Szybko wstałam na równe nogi. Zobaczyłam w oddali odjeżdżający samochód z Winchester'ami. Już chciałam do nich zadzwonić gdy nagle kiedy przyjeżdżali przez skrzyżowanie z ogromną prędkością wjechał w nich tir. Nie zauważyli go bo miał zgaszone światła, wyglądało to jakby ktoś specjalnie to zaplanował. Samochód z braćmi został zepchnięty do rowu, a tylna strona obok kierowcy, czyli tam gdzie siedziałam, została zmiażdżona. Znowu uniknęłam śmierci.
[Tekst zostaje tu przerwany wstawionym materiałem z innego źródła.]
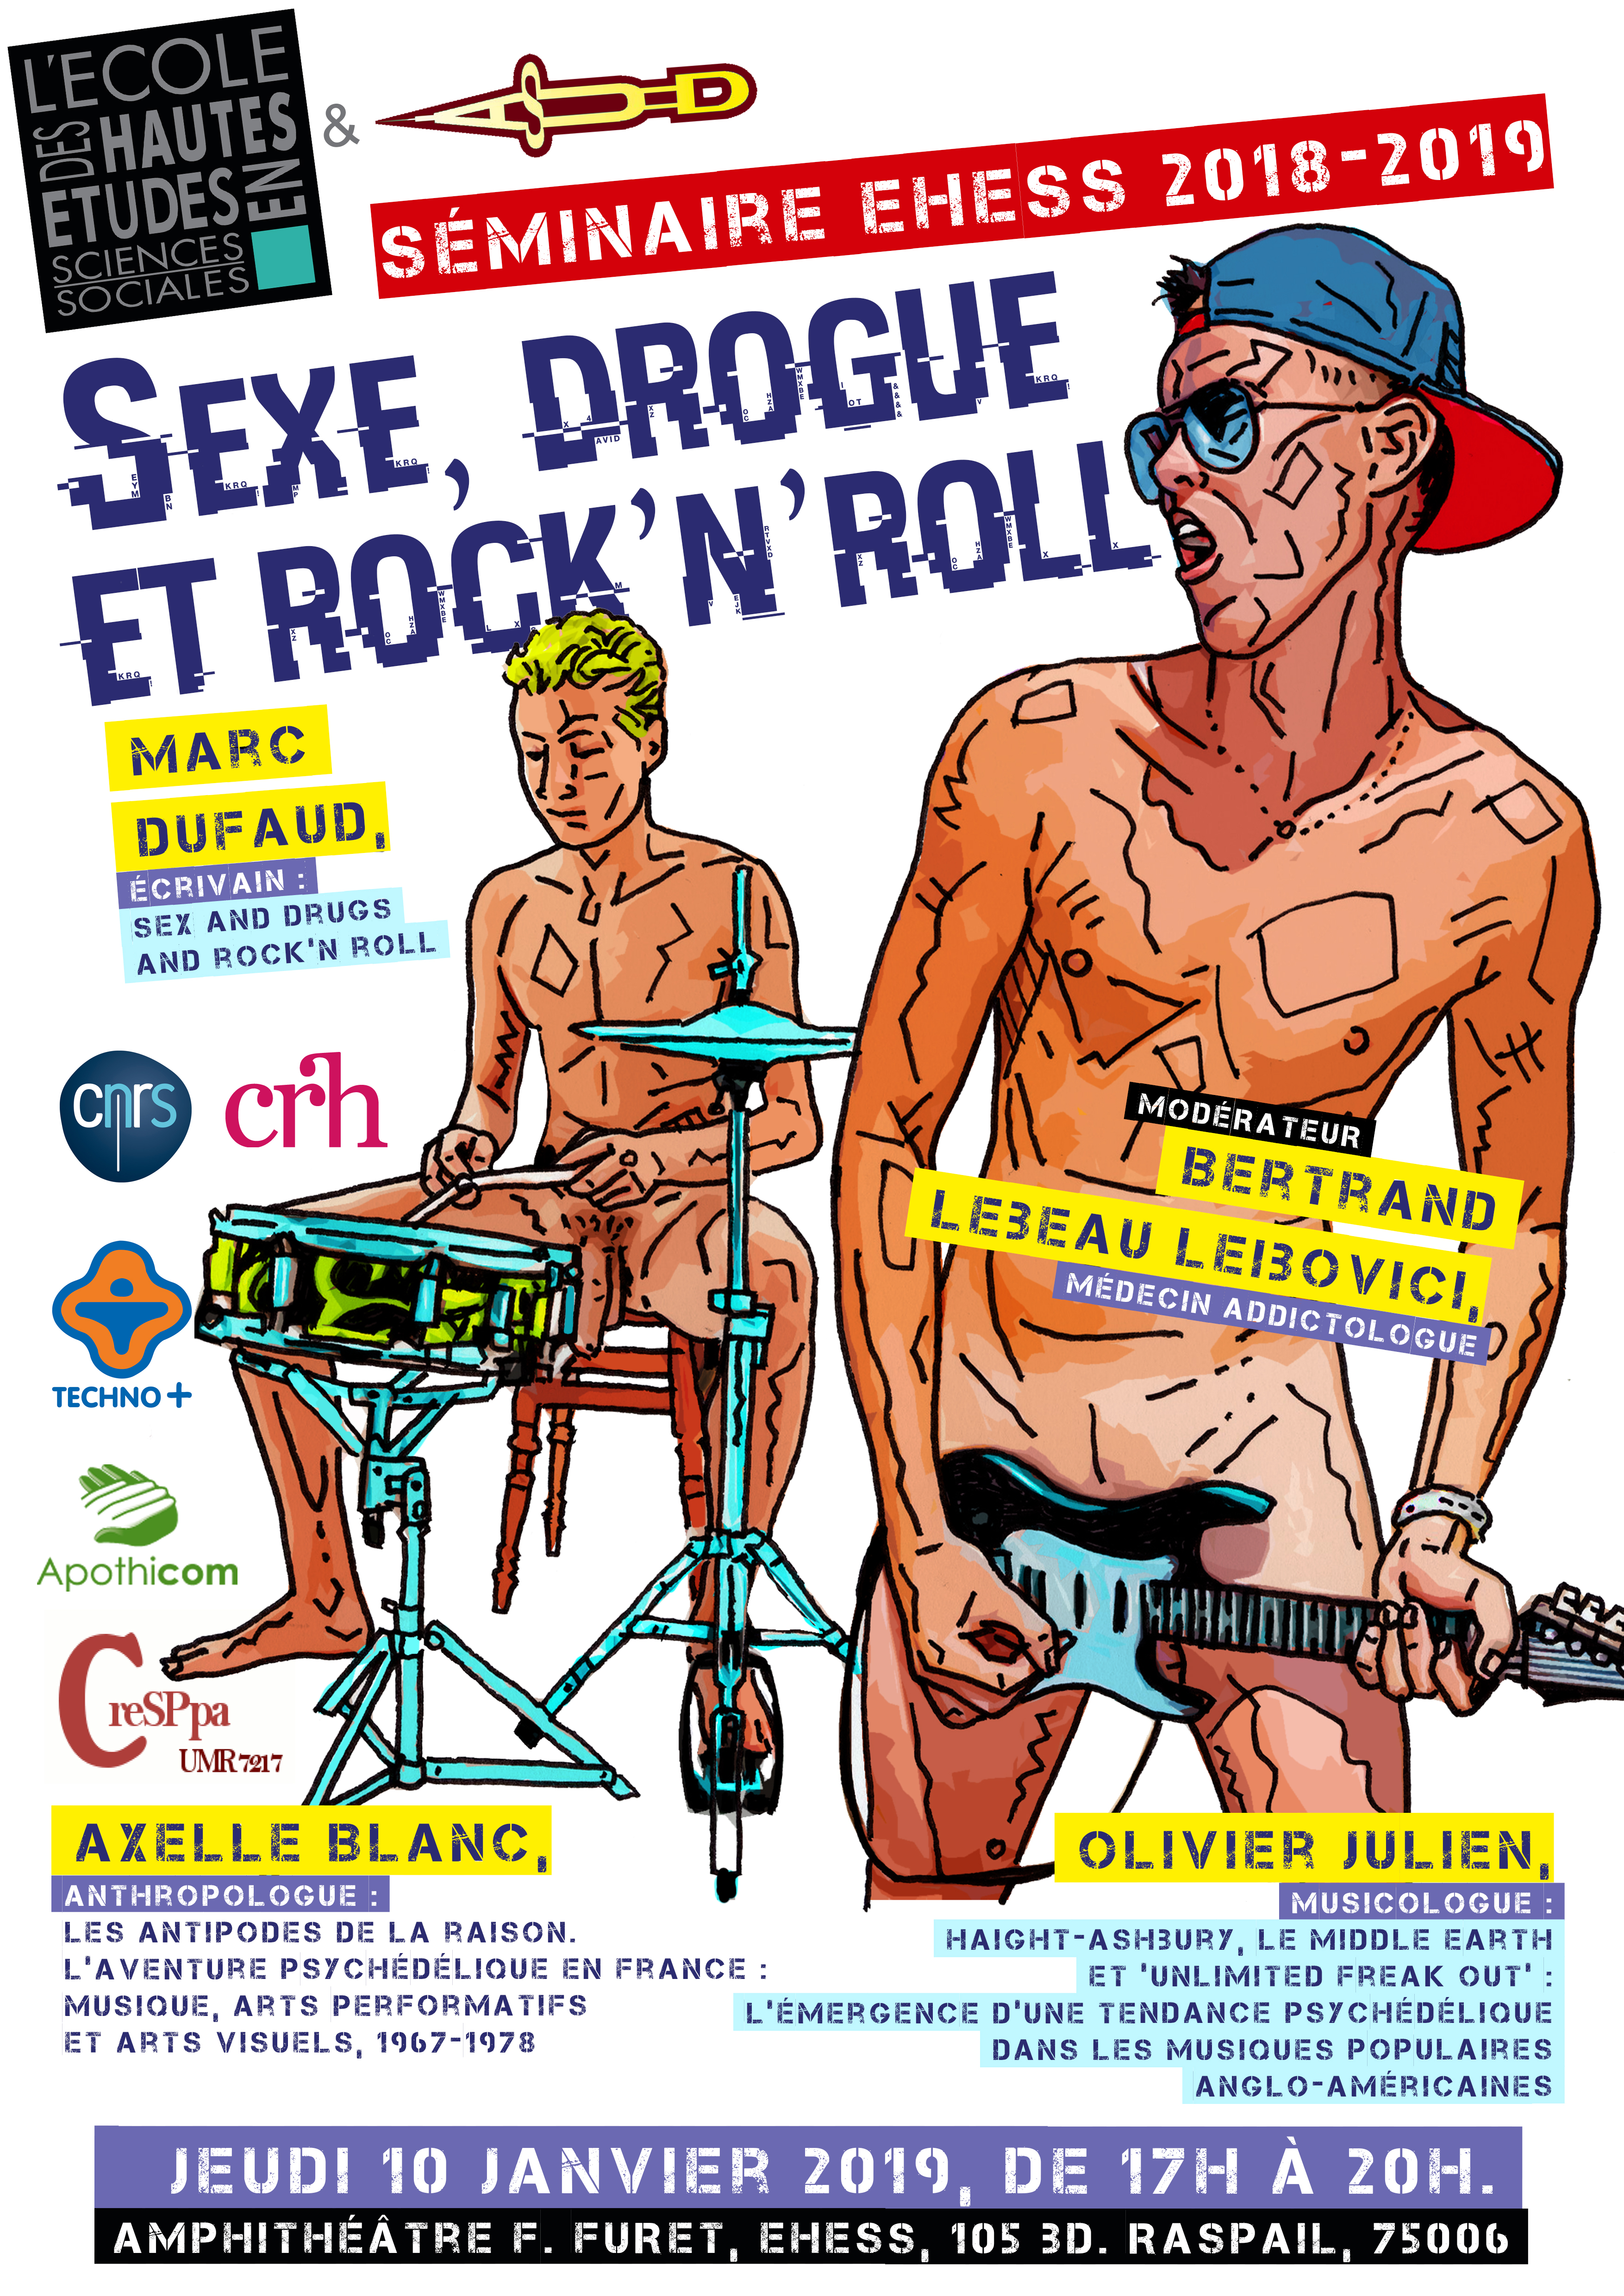 Sexe, drogues et rock'n roll

Zamarłam, po prostu nie mogłam się ruszyć. Odzyskałam świadomość dopiero kiedy ktoś a raczej coś, lewiatan, wysiadł z ciężarówki. Poczułam ogromną furię, jakby przez moje ciało przeszła fala gorąca. Rzuciłam się biegiem w stronę potwora. Nie wiedziałam co robię, jakbym odłączyła się od świata i liczyło się tylko zabicie tego ścierwa!! Gdy byłam obok niego z ogromną siłą wbiłam obie ręce w jego klatkę piersiową, nawet nie wiem skąd miałam tyle siły. Moje oczy zmieniły kolor na ognistą czerwień, ręce podobnie tylko że zaczęły świecić i jeszcze pojawiły się na nich żyłki które stały się całkowicie czerwone. Było mi gorąco, jakby moje ciało plunęło ale to nie bolało. Stwór wykrzywił twarz z powodu bólu i zaczął zmieniać się w szary, kamienny posąg. Gdy wyciągnęłam z niego ręce rozpadł się i zmienił w pył. Dopiero teraz otrząsnęłam się i moje ciało znów stało się normalne. Podbiegłam do zniszczonego samochodu i sprawdziłam puls chłopcom, żyją, na szczęście, zadzwoniłam szybko na pogotowie.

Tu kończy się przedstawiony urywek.